Karya tafsir Abu al-Barakat, yaitu Madarik al-Tanzil wa Haqaiq al-Tanzil, sering disebut-sebut sebagai ringkasan al-Kasysyaf dan Tafsir al-Baidlawi. Menurut pengakuannya, kelahiran karya ini atas permintaan beberapa orang supaya dia menulis kitab tafsir yang tidak terlalu panjang dan tidak pula terlalu pendek yang memuat penjelasan padat seputar takwil, qiraat, dan aspek kebahasaan, didukung pandangan-pandangan penting Ahlusunnah wal Jama’ah, serta penolakan terhadap pemikiran batil yang menyimpang.

Maka dari itu, Abu al-Barakat mengambil penafsiran al-Baidlawi dari segi penjelasannya yang detail, pemahamannya yang luas, dan narasinya yang padat serta mudah dicerna. Sementara dari al-Zamakhsyari lebih banyak dalam penjabarannya soal aspek kebahasaan serta diskusinya tentang banyak pemikiran. Dia memilih pandangan al-Zamakhsyari mana yang dapat diambil dan mana yang perlu ditanggapi, bahkan ditolak. Sekali lagi, di antara ketiga tokoh dalam tulisan ini, karya tafsir Abu al-Barakat al-Nasafi merupakan yang paling populer dan sering diteliti di lingkungan akademik dewasa ini (Manahij al-Mufassirin, 215).

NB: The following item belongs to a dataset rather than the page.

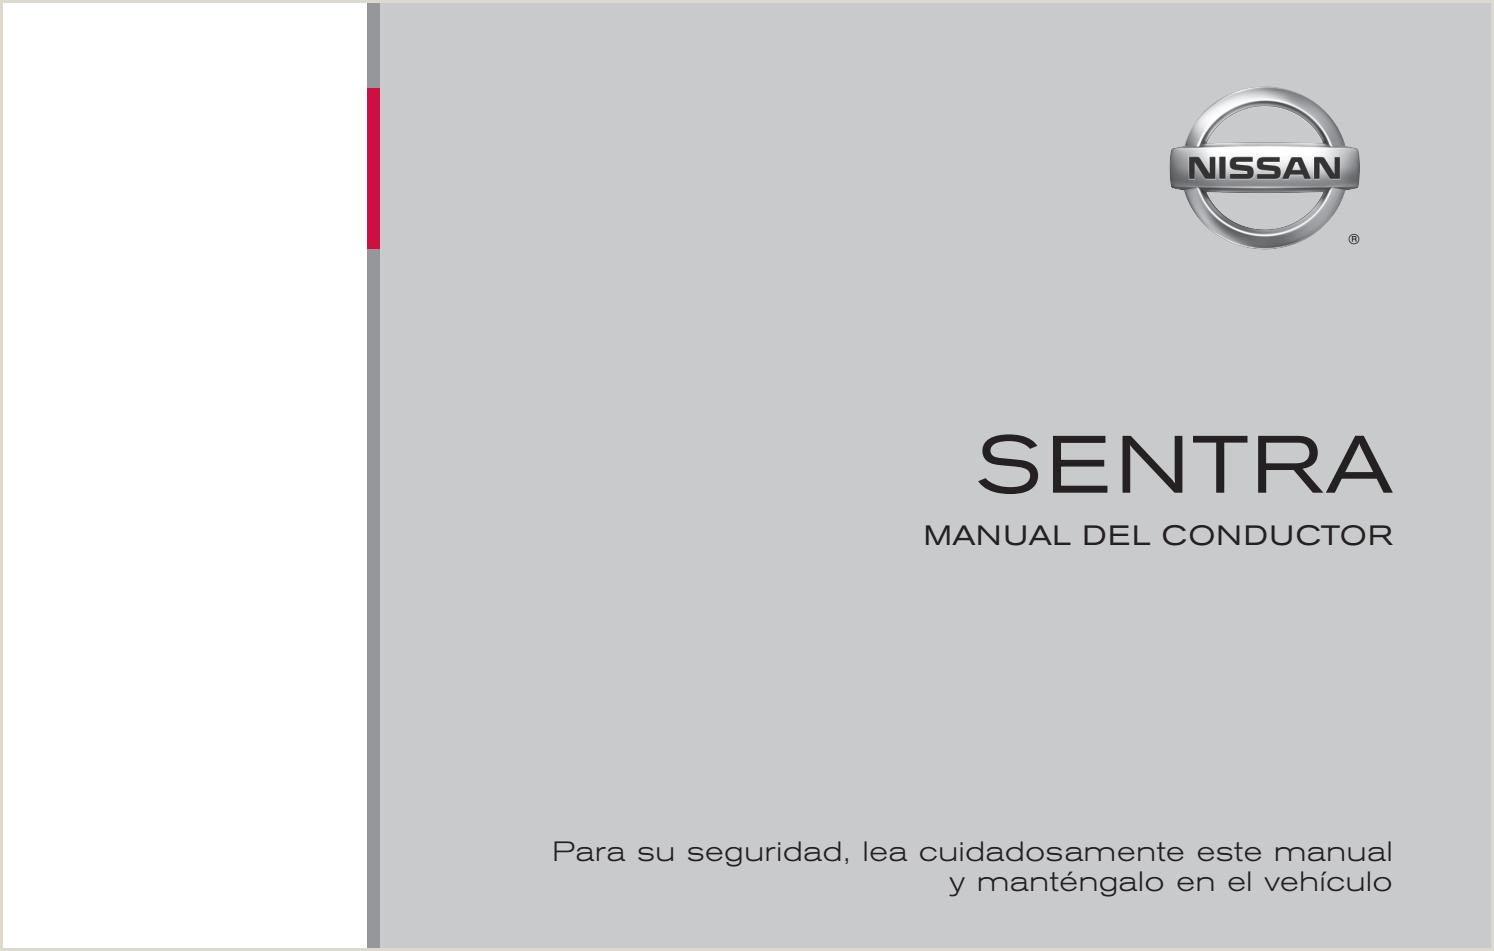 Manual De Usuario Nissan Sentra Mod 2008 by Mauros2000 issuu

Baca juga: Sejarah Perkembangan Tafsir di Afrika Barat

Itulah ketiga mufasir terkenal dari kota Nasaf atau Qarshi, Uzbekistan. Semuanya merupakan penganut mazhab Hanafi dan berakidah Maturidi sebagaimana umumnya penduduk Uzbekistan saat ini. Kedekatan negeri yang dulunya bernama Transoksiana itu dengan Baghdad menjadi faktor utama tumbuh suburnya keilmuan Islam yang berpijak pada pendekatan rasional. Hal tersebut tercermin dalam karya tiga mufasir terkenal dalam tulisan ini yang semuanya merupakan tafsir bi al-ra’yi.

Ketiganya menjadi ikon penting dalam kemajuan peradaban Islam di sana yang kini tinggalannya dapat ditemui dari beberapa masjid dan madrasah yang masih bertahan. Sekarang warisan tersebut mulai dikembangkan lebih serius lagi, meskipun sempat ditekan habis-habisan di bawah pemerintahan Uni Soviet yang anti agama. Wallahua’lam.